I think it is healthy to admit that you want a break from Kanga. I think those that can't admit to others, or maybe even to themselves, that they need a break, are in serious trouble. I think those that can't admit that they don't like their difficult children, or want them in their homes all the time, can develop serious mental health issues. I've seen this happen in my extended family.

My best advice is to totally enjoy the time Kanga is at camp. It will make you stronger and healthier and better able to parent her when she returns.

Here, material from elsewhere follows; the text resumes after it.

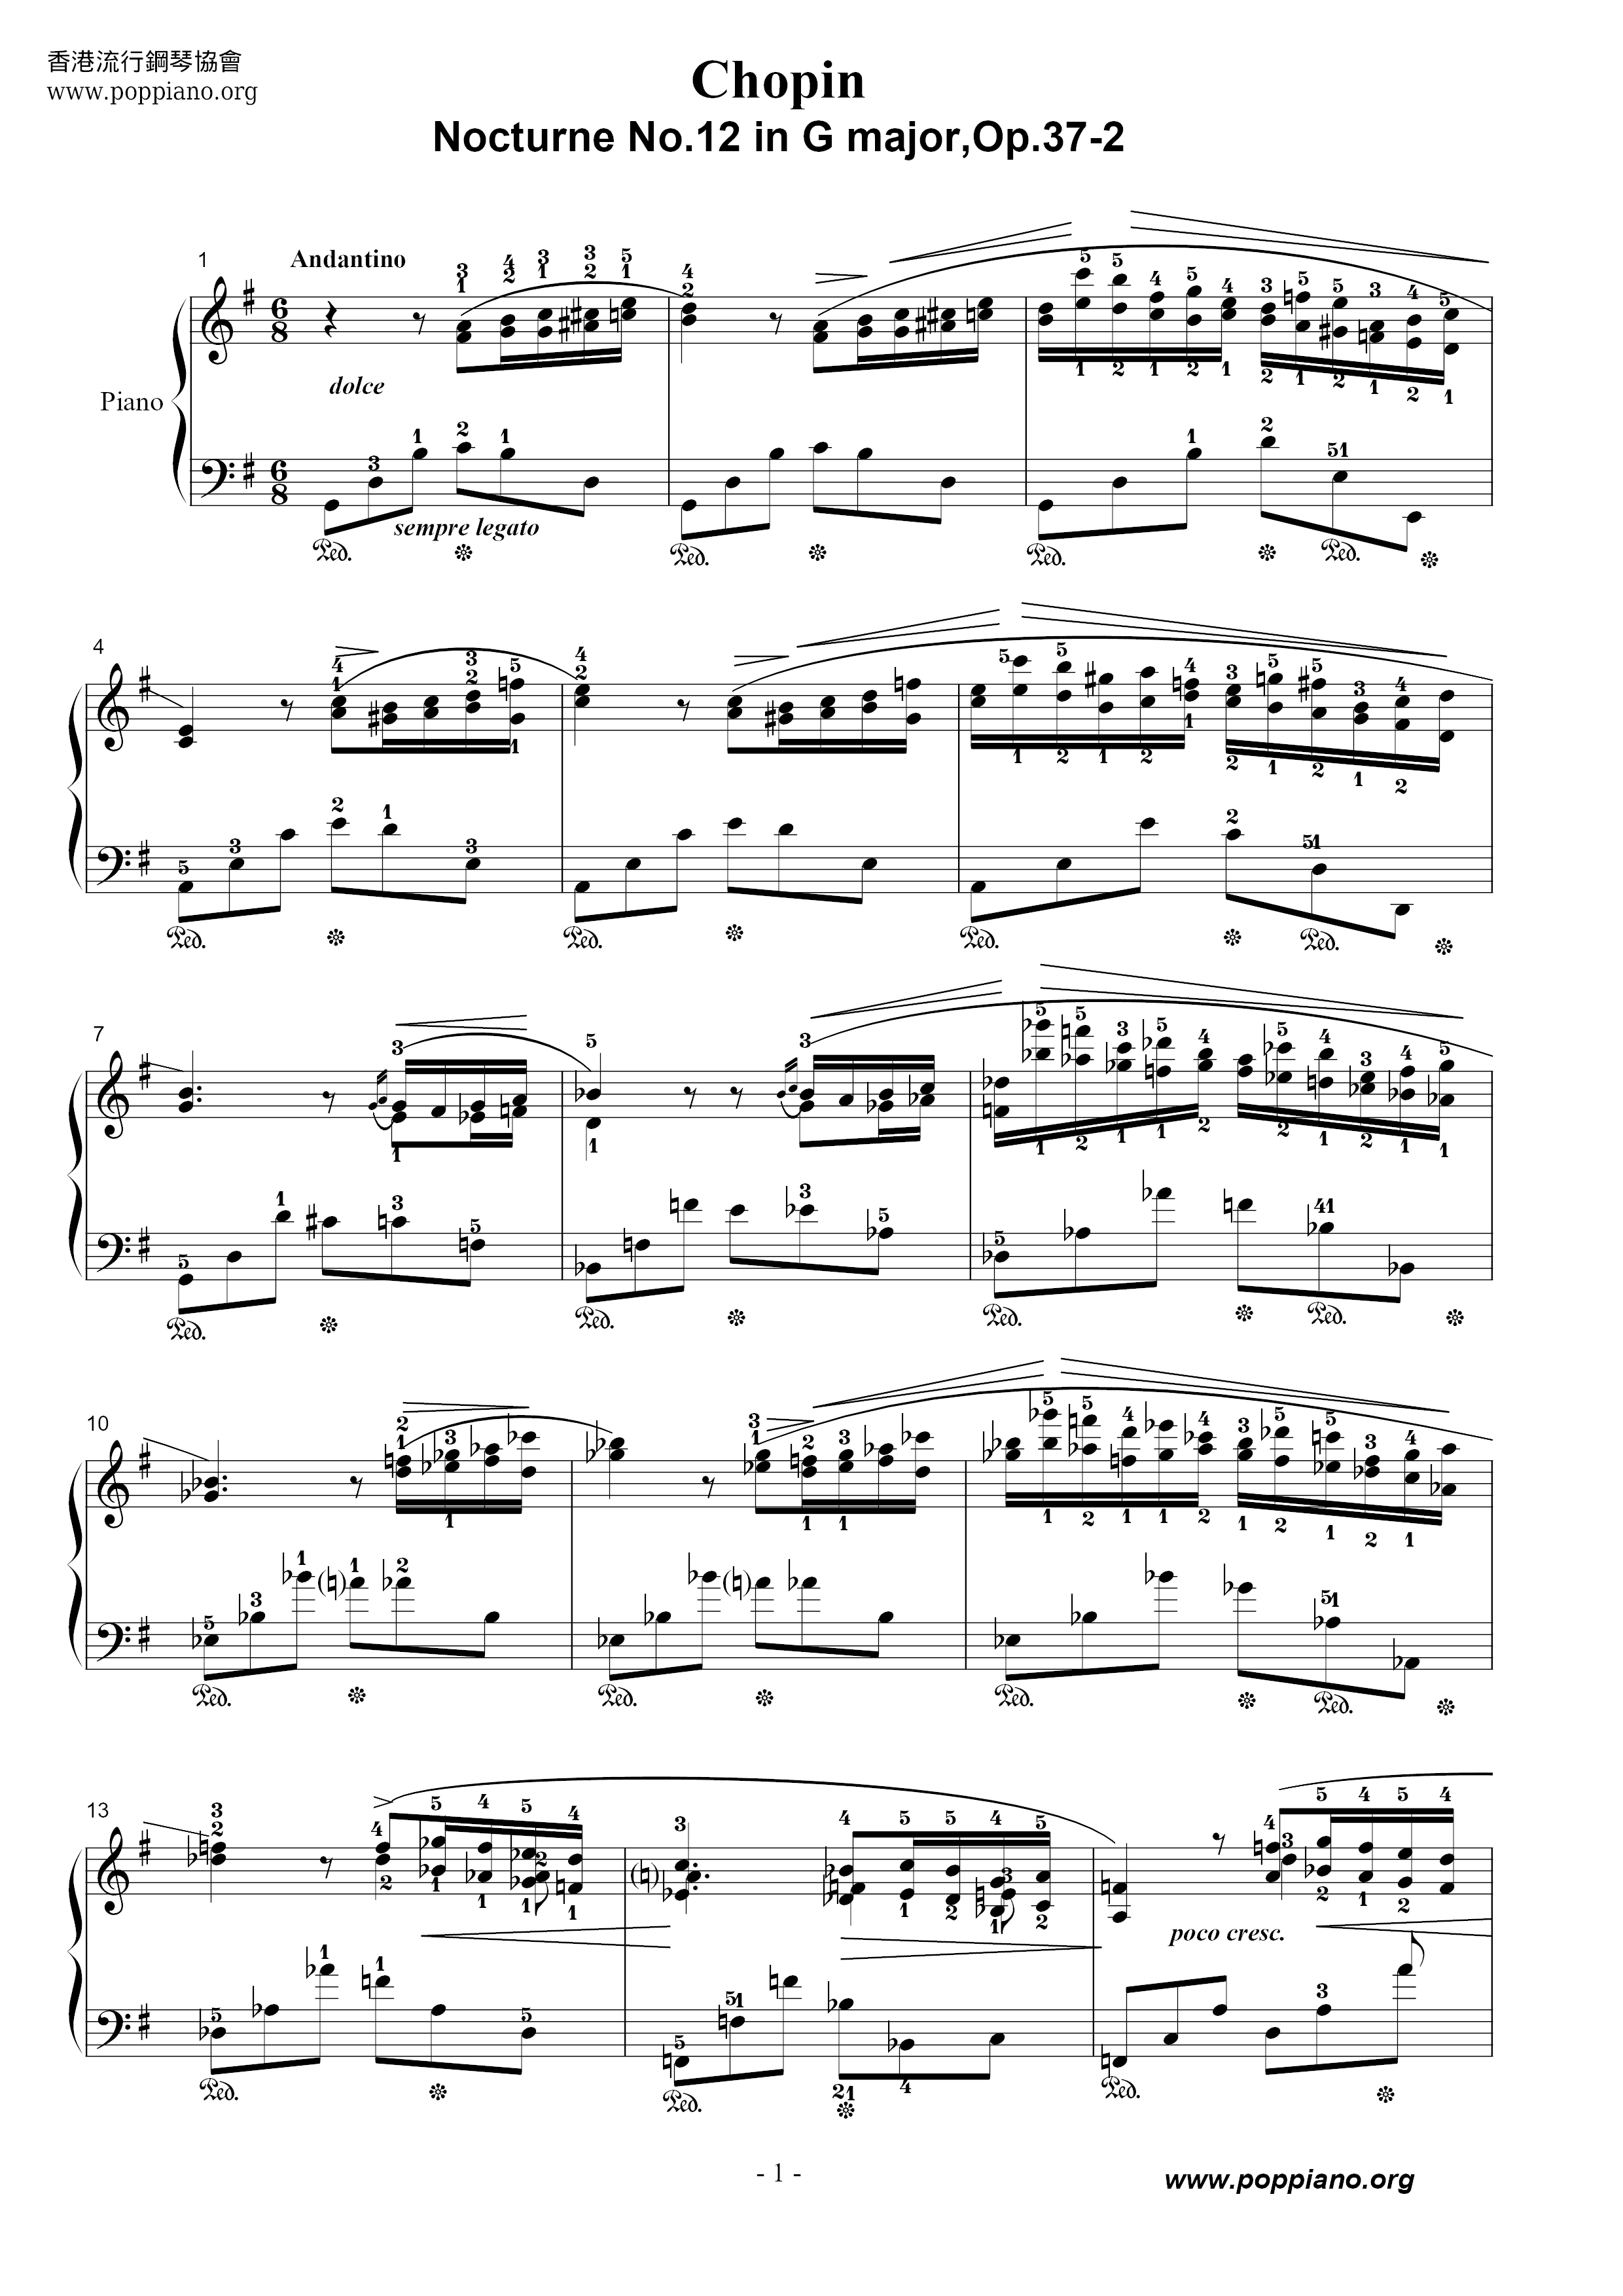 Nocturne No. 12 Score

WFEN
 

JJJ

Active Member
So much of me just wants to put the last few locks on things in our house so she can't steal any more, insist only that she cause no harm to others and doesn't break the law, and then let her live her life. It would be so much easier to not have to fight the daily battles of teaching her to grow up. I love my husband but my recurrent fantasy is that he take an apartment near work and take Kanga away. I figure we don't have much of a marriage right now as all of our energy is spent on her (we have no sitters left who are willing to deal with her -- not even my mom :frown: )

The other huge plus of her going away is that my mom is going to babysit one night each week that she is gone so husband and I can go on dates :smile:

Kanga is a good enough athlete that she is in the group that is being scouted by prep schools. While I never thought I'd do it, if she is lucky enough to be offered a spot at one for any reasonable fee -- she is gone!
 

JJJ

Active Member
'course once they find out she is a learning disabled, mentally ill child they probably won't want her either.
 

tara w

New Member
i know my brother (difficult child's father) feels the same way. he has nothing in common with t. anymore. they used to be able to laugh and joke around, but now it's constant fighting and defiance.

although it's not appropriate, my brother has told t. that he's on a path like his bio siblings (most of whom are in jail). t. always blames his father for saying that "he doesn't do enough, or he never makes good choices." that's not the case... t. picks and chooses what he wants to do and the other stuff just doesn't matter.


it's so very hard to like someone who defies and disrespects you when all you do is love them and try to give them good morals and values to live by.
 

tara w

New Member
by the way... what camp are you sending your difficult child to? do you have experience/ success with this particular place?
 

tracy551

New Member
AHHHHHH, the locks on the doors. Know it well. Well my difficult child is currently in Residential Treatment Center (RTC) and doing very well. I can breathe for now. I certainly love him, he's my child, but I don't always like him. Well i like him more now that he's getting help and is away from the drugs--he's become a very pleasant young man. HOPING IT LAST AFTER HE COMES HOME!!!!!!
 

Kathy813

Well-Known Member
Staff member
Mustang,

Once he's 18 are we just supposed to toss him out of the boat and see if he sinks or swims? More than likely he's going to sink and when that happens, it will be our fault once again.

No, it won't be your fault if he makes choices as an adult that make him sink. That's what detaching is all about. You have given him the tools to grow up and make the right choices. If he doesn't, then that's on him.

I agree with JBrain, though. You may be surprised. difficult children are survivors. We had to make our difficult child leave our home and after one false start, she is living in her own apartment, holding down a job, and paying her own bills. Her relationship with us has improved also.

I will never go back to living a life where I couldn't leave my purse sitting out in the open or leave a $20 bill sitting on the kitchen counter. It amazes me now that it almost seemed normal to have to be on guard all of the time in my own home.

JJJ ~ back to your original topic. I didn't like my difficult child for a long time. I worried that I didn't even love her anymore at the really worst point. I hate to admit this but at times I thought that I hated her. But I didn't ~ I was just so angry at what she was putting us through.

Now that she is an adult and living on her own, our relationship has improved and we are relating to each other as adults. I enjoy her company (well, most of the time) and know it will get even better with time.

I know that you have a long time ahead of you but the day will come.